There's just one problem. Saddam isn't cooperating. Despite the Bush
administration's repeated vows to remove the Iraqi dictator, and despite the
"battle plans" slathered across the pages of The New York Times in recent
weeks, no one in Washington knows how to get him out. Bush keeps demanding
that U.S. military planners give him more options, but they have delivered
nothing but staff college exercises-and "second rate" stuff at that, says a
military source who has seen it. The brass are understandably reluctant to
send insufficient troops into a battlefield as challenging as Iraq. But more
than that, they can't possibly plan an invasion until the political leaders
tell them a few basic things like where the soldiers can be based and which
countries will permit overflights. And those questions are easy next to the
real monster: what happens after Saddam is out? 
There's no clear answer. Even if by some miracle a strong democratic leader
were to emerge, the country's basic institutions are hopelessly
compromised-and no such miracle seems to be in the works. This week the
exiled leaders of six dissident groups will try formulating a political
platform. The most prominent of them, Ahmed Chalabi, has the backing of
congressional conservatives and civilian hawks at the Pentagon, but he has
few friends elsewhere. The CIA refuses to work with him. The State
Department, which was providing support to his Iraqi National Council under
a 1998 mandate, has finally run out of patience with his fast-and-loose
accounting practices. Now the Pentagon is taking his intelligence operation
under its wing, but no one expects him to stay out of mischief.
So far the big battles are in Washington, not Baghdad. Secretary of State
Colin Powell, the only combat veteran among Bush's senior aides, is said to
be determined that if U.S. troops are committed, they go in with
overwhelming force. Vice President Dick Cheney (who had student and parent
deferments during Vietnam) and Secretary of Defense Donald Rumsfeld (a Navy
pilot in the years between Korea and Vietnam) are eager to finish the job
Bush's father started when he was president. And they seem to think they can
do it with far fewer troops than U.S. military leaders would like. By
Rumsfeld's orders, even the Joint Chiefs of Staff have been shut out of the
planning process-a decision that has only added to the generals'
unhappiness. The recent spills to the press are a measure of how serious it
is. Leaked war plans can get people killed. No one knows that better than
the military.
Someone talked despite the risk. As the Times reported, the first invasion
scenario involved roughly 225,000 troops sweeping into Iraq from the north,
south and west. The whole scheme depended on the cooperation of Iraq's Arab
neighbors, and they don't seem at all interested-especially not Jordan,
whose supposed participation was blazoned all over the front page. Since
then the military's Central Command planners have worked up a total of six
broad concepts ranging from "Desert Storm Lite" (the in-house nickname for
the original idea) to a bare-bones Special Forces operation to spark an
uprising against Saddam. None of the plans looks very convincing, sources
say, when the action reaches Baghdad. The city is a 1,600-square-mile sprawl
with countless hiding places and some 4 million potential human shields. No
one in Washington doubts that the U.S. military is capable of taking Saddam
out. Still, the cost in human lives, both American and Iraqi, could be
horrendous.
Even so, the Bush administration is quietly getting ready for a fight. U.S.

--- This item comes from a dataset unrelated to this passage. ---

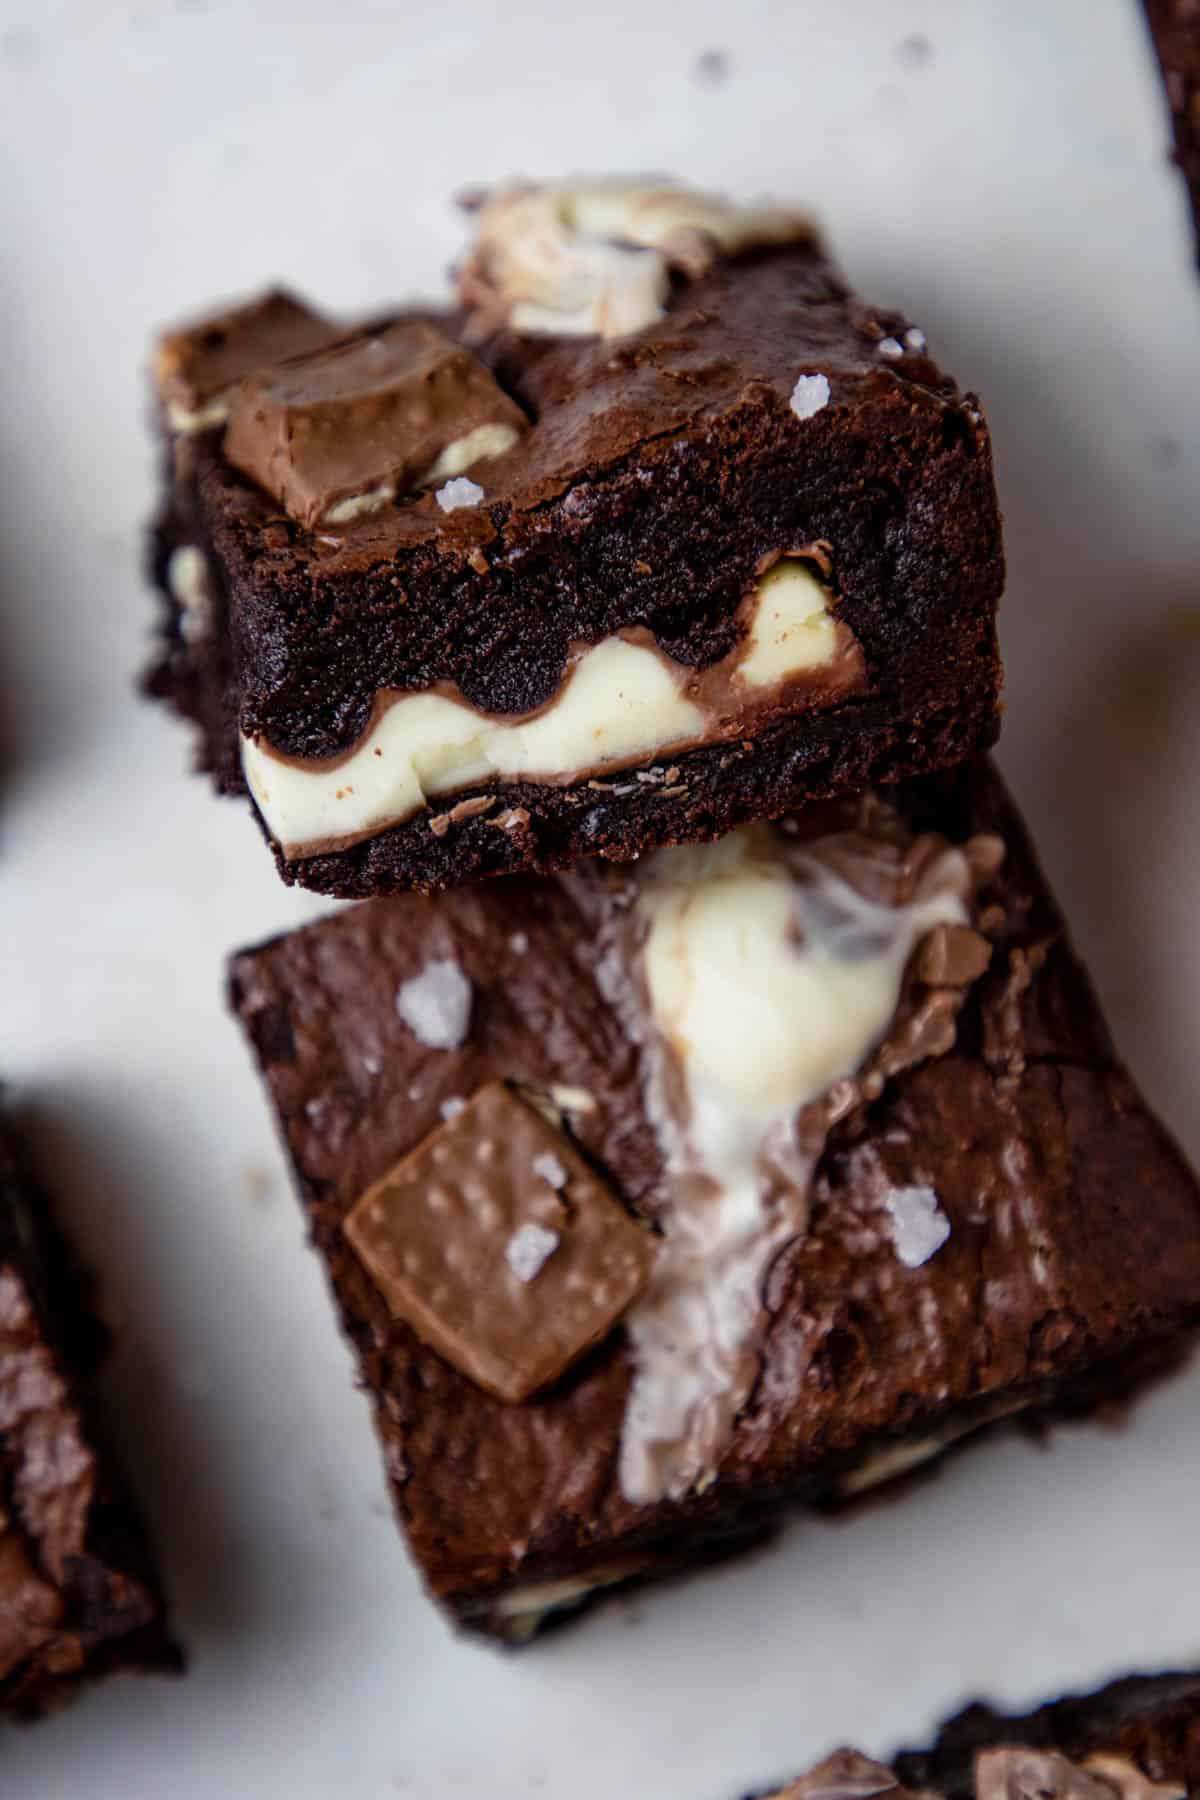 a close up picture showing the kinder brownies

munitions plants have put on extra shifts to rebuild arsenals depleted
during the Afghan war. A few hundred uniformed personnel are working as
advance teams in Jordan and elsewhere, assessing the need for new airstrips,
wider roads and the like. And even before Saddam became a priority target,
the U.S. Department of Energy was working to get America's strategic
petroleum reserve up to its full capacity of 700 million barrels-enough to
meet U.S. energy needs for more than 80 days in a crunch.
The question is whether America can go it alone. Last week Jordan's King
Abdullah, who has publicly denounced the administration's war threats as
"ludicrous" and "a tremendous mistake," visited Bush in Washington. The king
says that even Bush's closest ally in the war on terror, Tony Blair, shares
his concerns. Britain's prime minister is still being as tactful as possible
about his reservations, but he's expressing them more and more forcefully.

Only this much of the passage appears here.